Engaging with current issues and debates in his work, The Freestone Drone, 2013 and Fences Make Senses, 2015 'Barber's way around art's potential political inefficacy' is to redefine the terms as to the artist, art is a reaction and reflection of the world and the effort to see this reality without veils is an achievement in itself as it allows room for rethinking with less bias and contemplation of a neutral alternative.

Barber has been part of numerous programmes at Tate Modern and had retrospectives at the ICA, New York Film & Video Festival and recently at La Rochelle Festival, France. In 2014 Barber took part at exhibition 'The Invisible Force Behind.' at Imai – inter media art institute within Quadriennale Düsseldorf. In 2015, the artist had three solo exhibitions at Chapter Arts Centre in Cardiff, Young Projects in Los Angeles and waterside contemporary in London.

In 2019, the British Film Institute added his work to the National Archive. In 2020, The LUX released his first feature film, The Mindset Suite. In 2021, he was nominated for the Derek Jarman Award. He also returned to his early roots making new purely visual works combining analogue and digital CGI, Video Marilyns Andy Never Thought of is the first result of this new direction. It has been released as a short video work and also auctioned as four separate NFTS by daata. In 2022, his latest project in production is Mind Wandering in a Van.

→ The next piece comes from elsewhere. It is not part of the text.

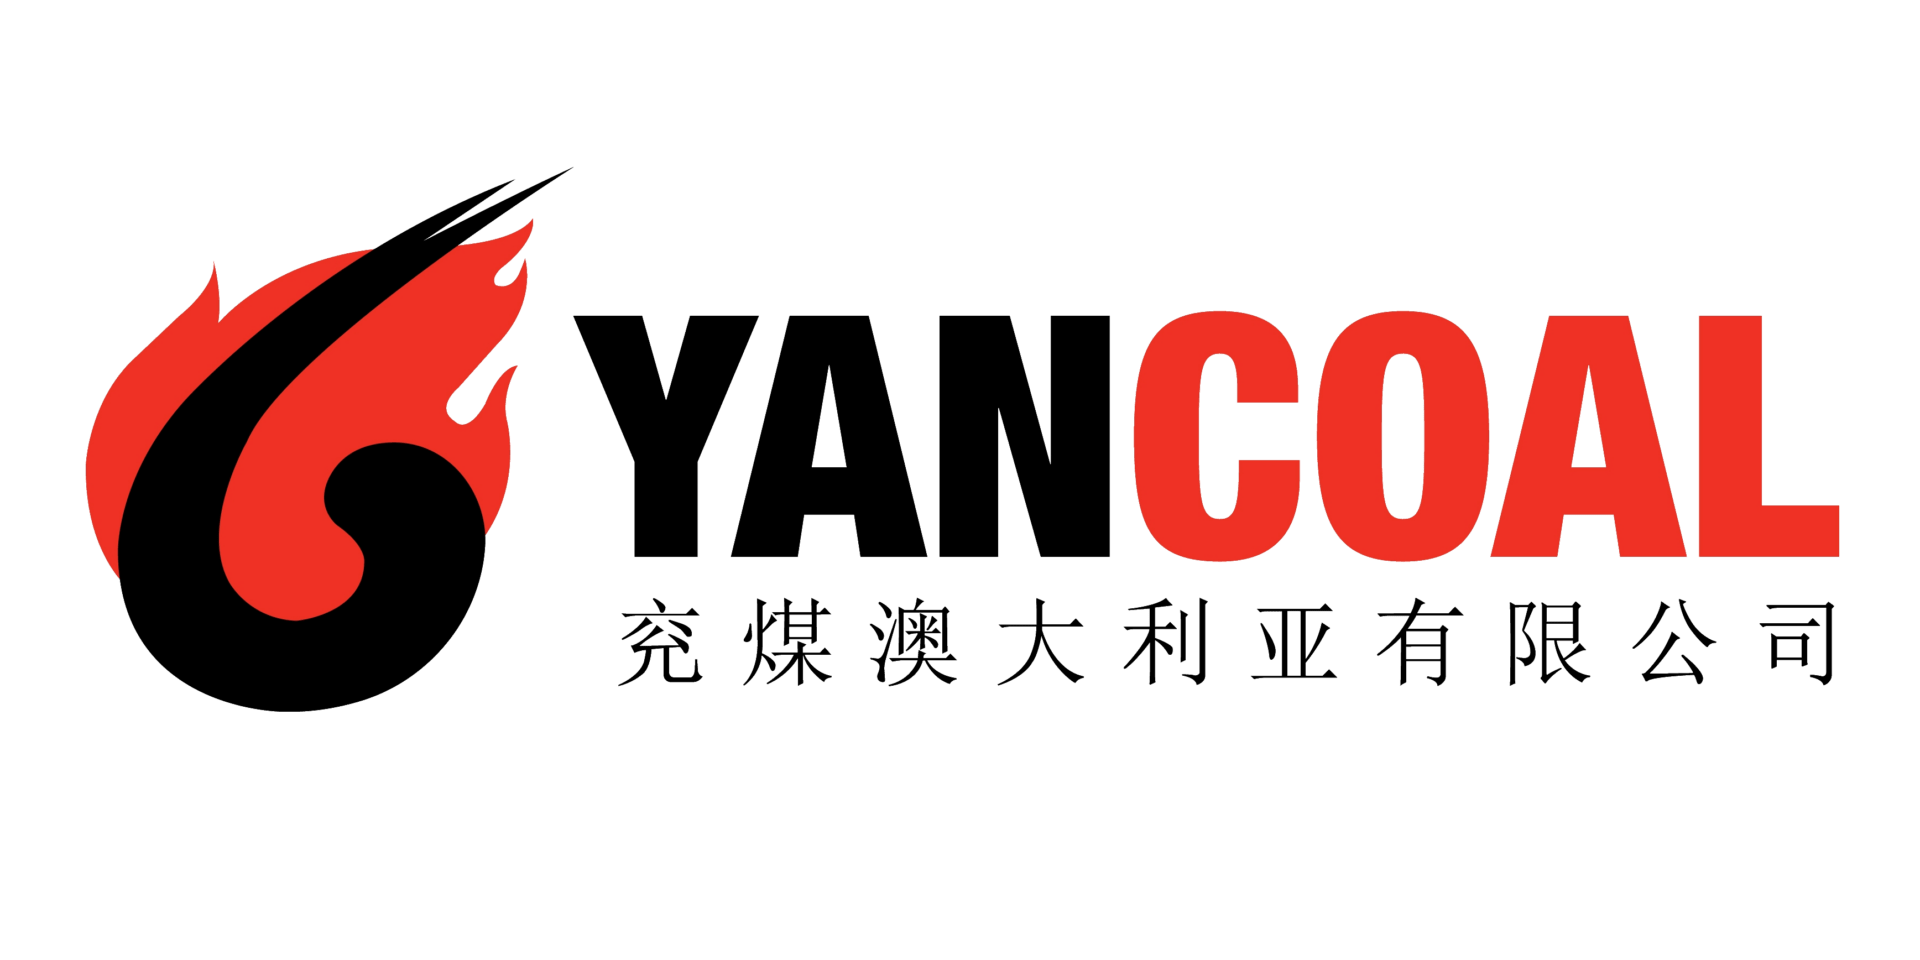 Yancoal

Barber is also Professor of Postgraduate Research at University for the Creative Arts.

== Awards ==

- 2008: Automotive Action Painting, First Prize, 24th Hamburg International Short Film Festival
- 2004: Walking Off Court, Grand Prix, Split Film & Video Festival
- 1998: 2CB CURTAIN TRIP, Gold Award, ARS ELECTRONICA, Austria
- 1990: Gold Award, ARS ELECTRONICA, Austria
- 1996: Award, Exploding Cinema Group

==Publications==
- 1988: "Close-up: Nick Logan", Marxism Today, September
- 1984: "Looking at pop videos and thinking about other things", Journal of Art and Education

==Exhibitions and events==
His works have been shown at international festivals, competitions, galleries and been broadcast on television throughout the world.